[Recorded data]
---

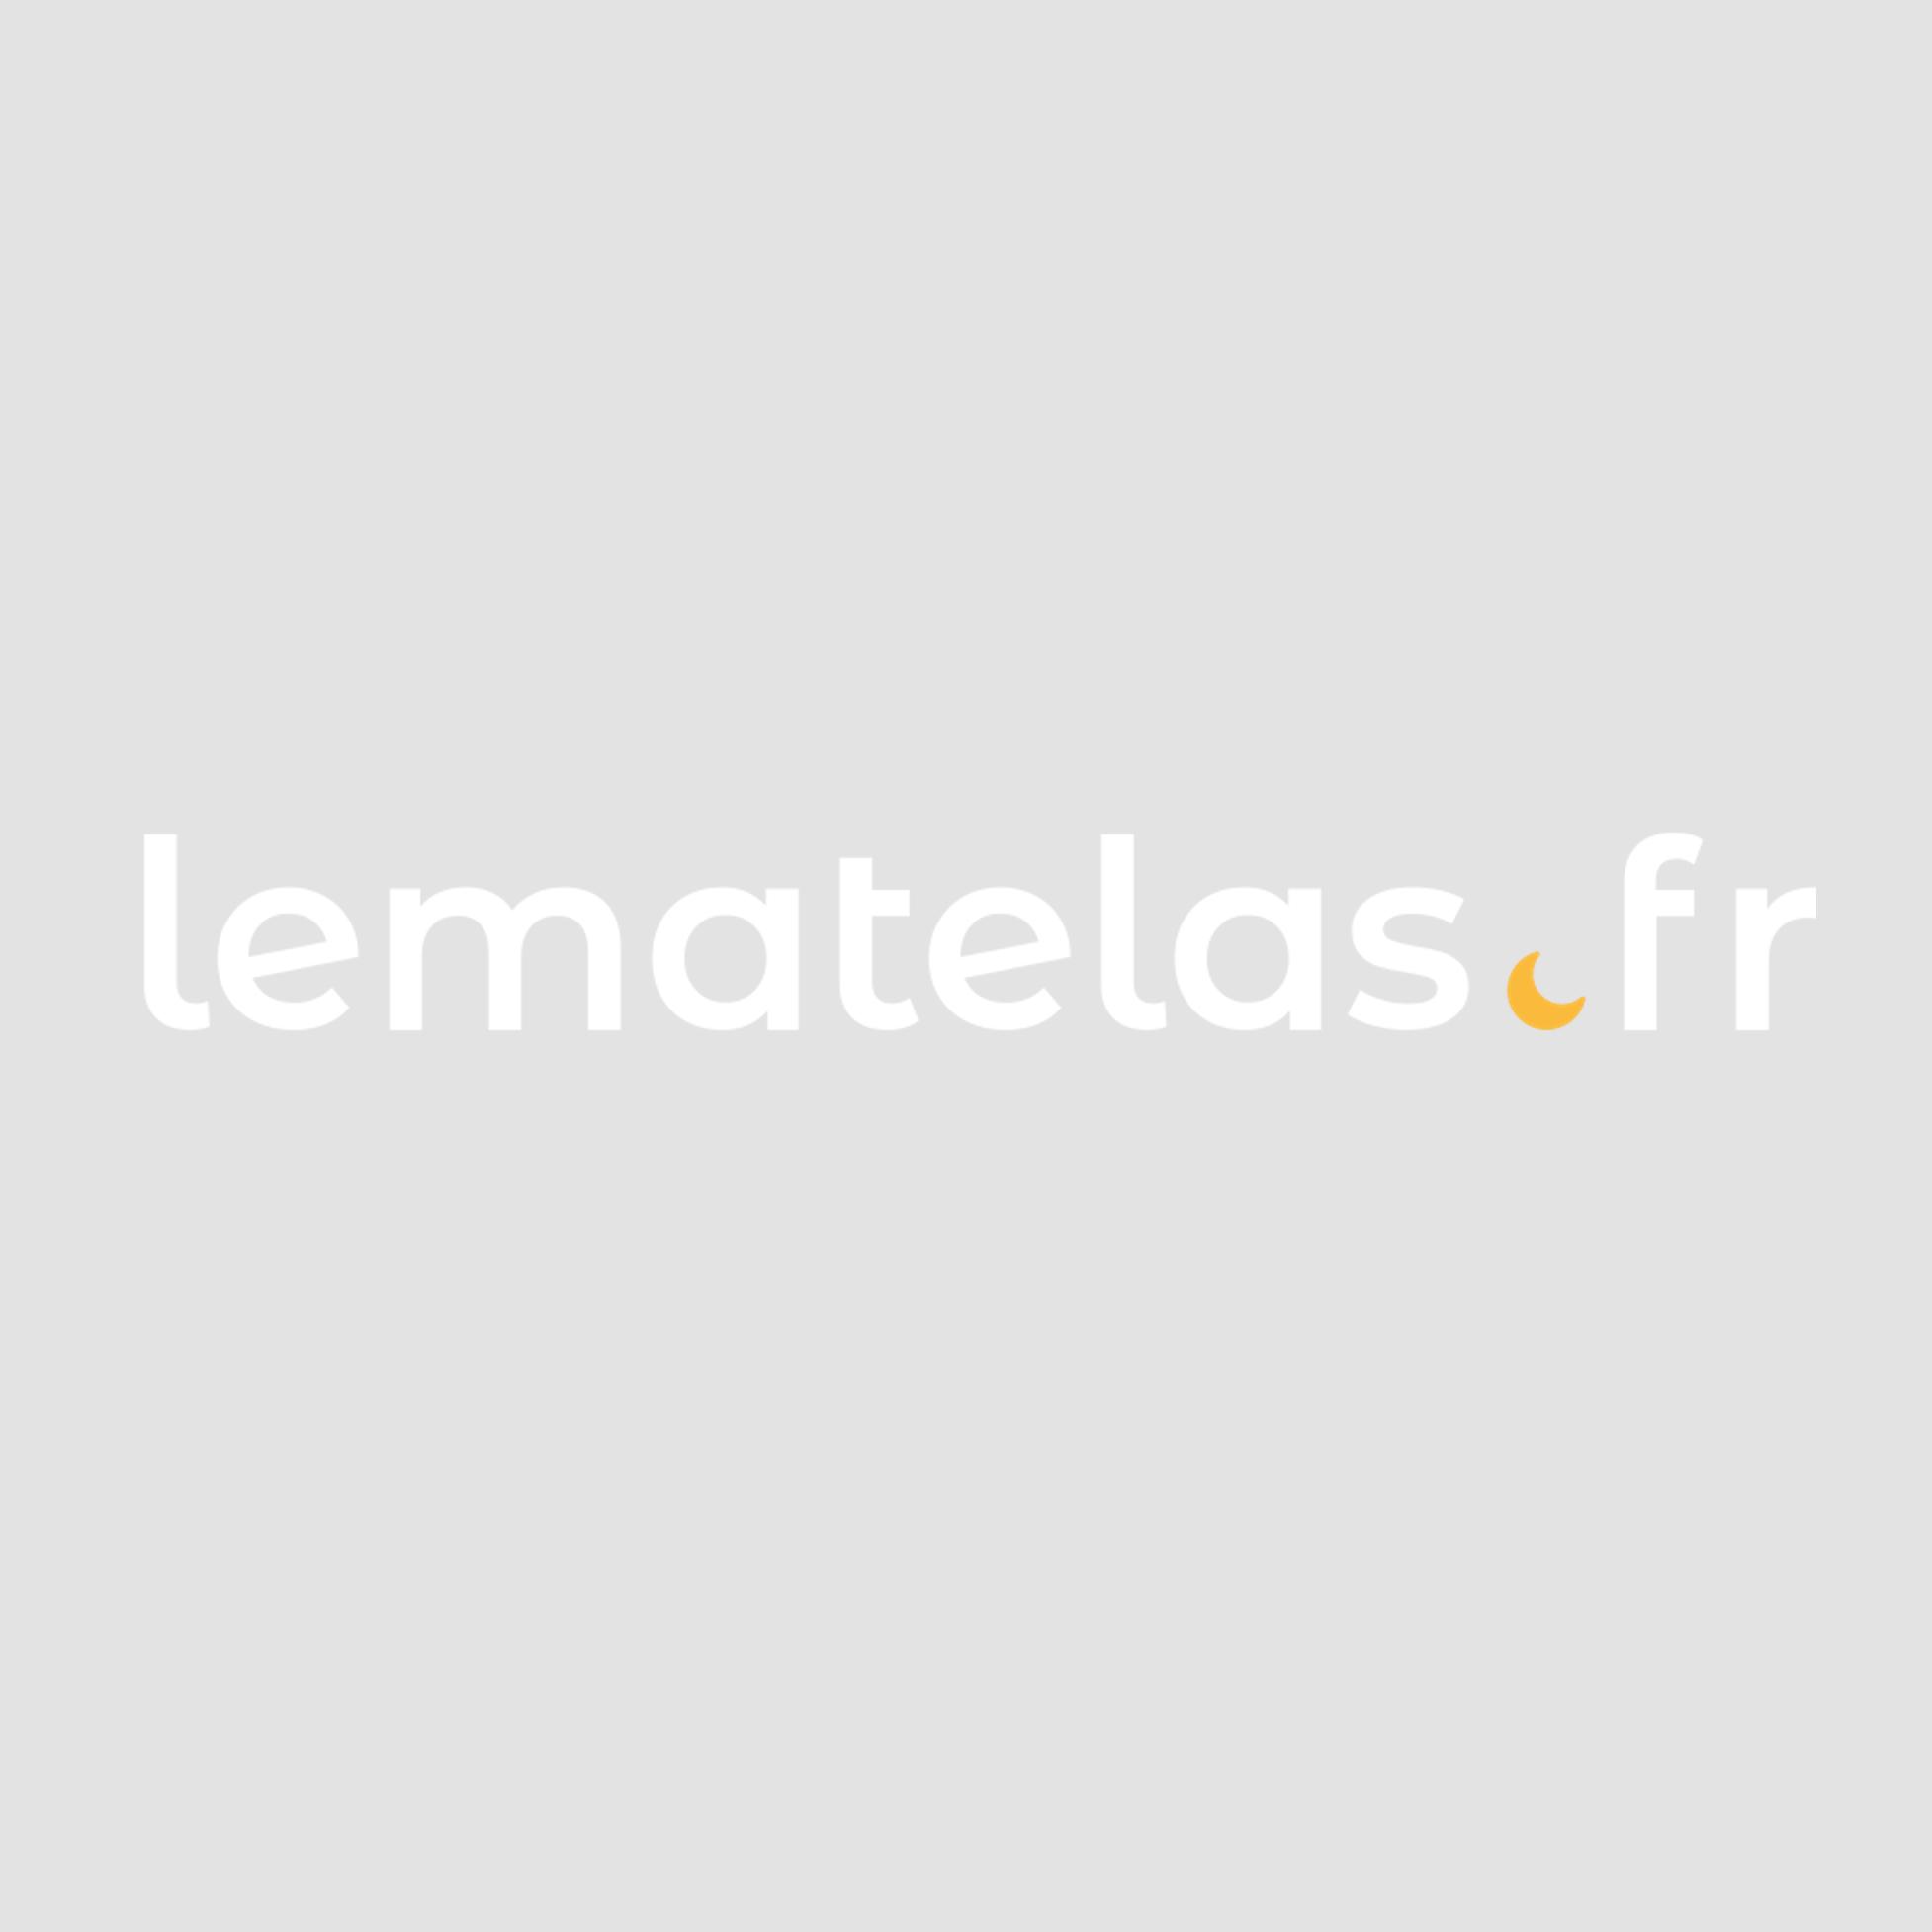 Lit compact en bois imitation chêne 140x190 - LT9008
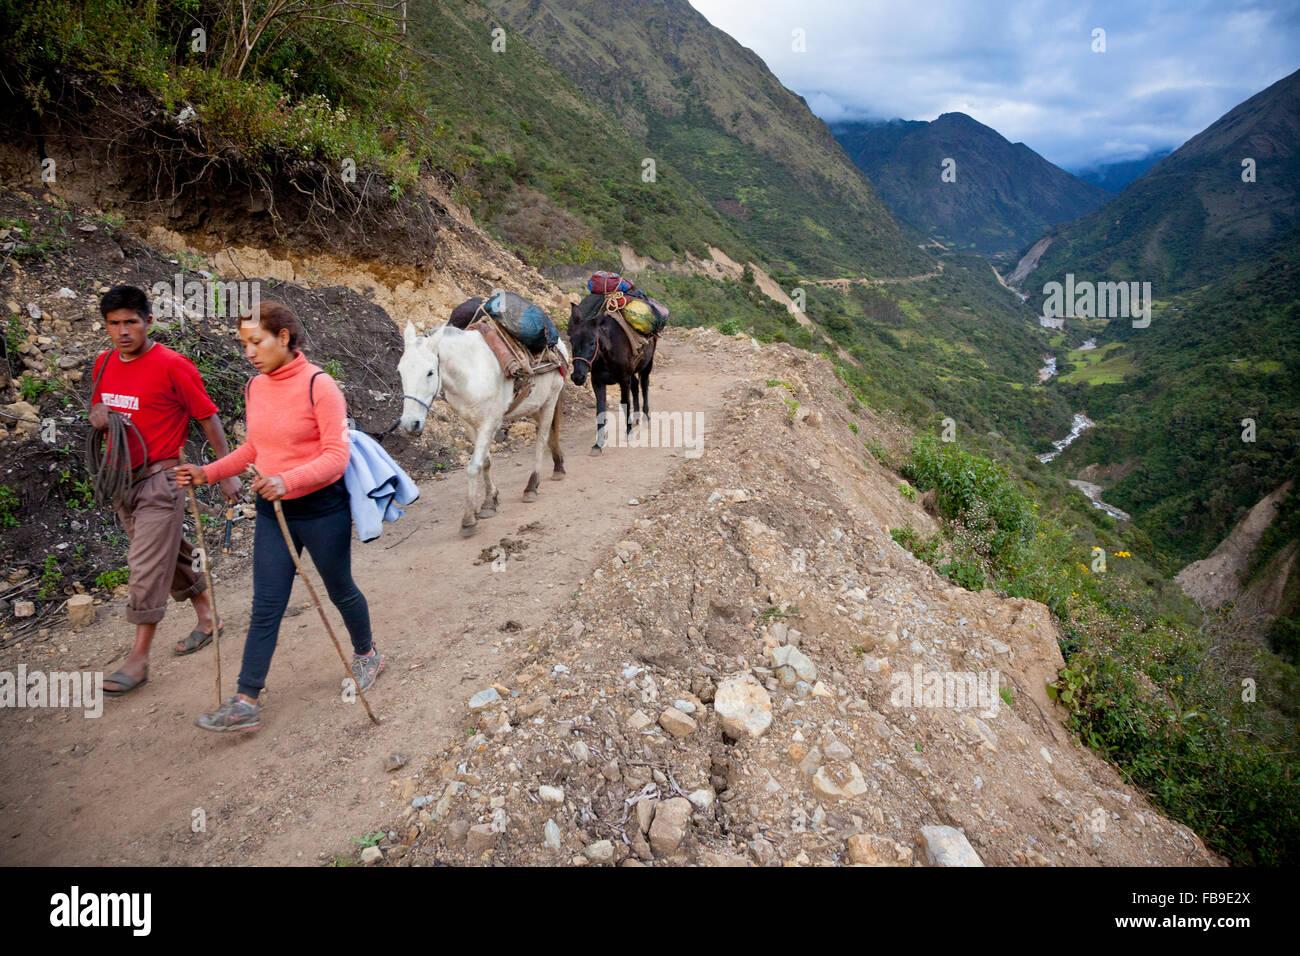 Arriero (muleskinner), mules et trek guide sur le Choquequirao (berceau de l'or) de l'Inca, le Pérou. Photo Stock
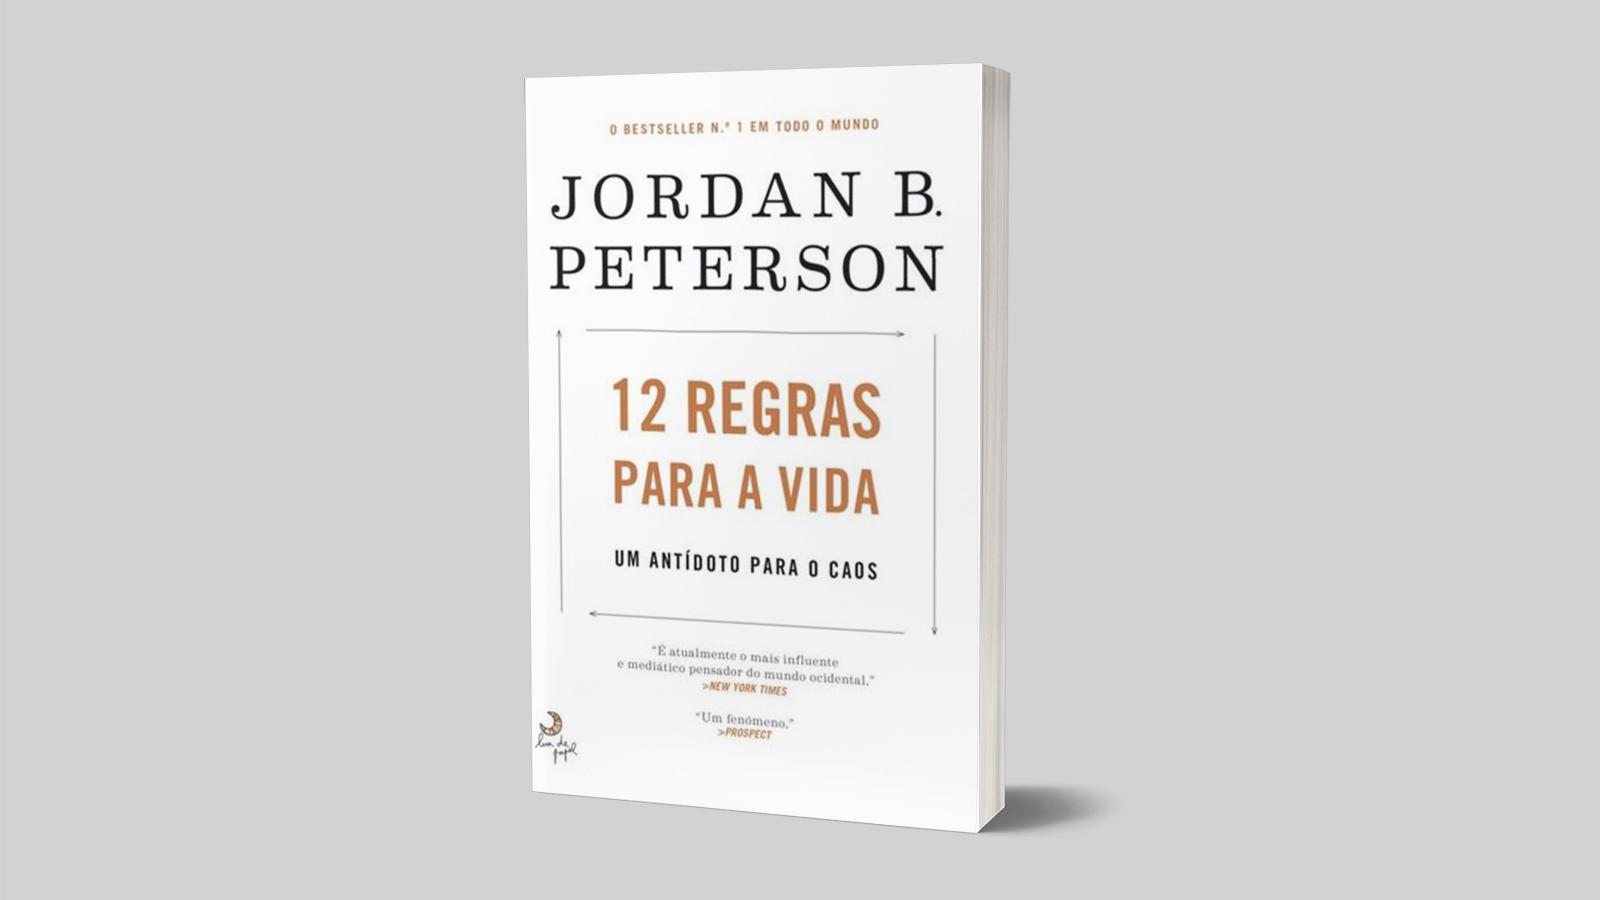 12 regras para a vida, por Jordan B. Peterson

---

Apart from the pictures, every line of the material above is to be returned word for word.

 Lit compact en bois imitation chêne 140x190 - LT9008
 Arriero (muleskinner), mules et trek guide sur le Choquequirao (berceau de l'or) de l'Inca, le Pérou. Photo Stock
 12 regras para a vida, por Jordan B. Peterson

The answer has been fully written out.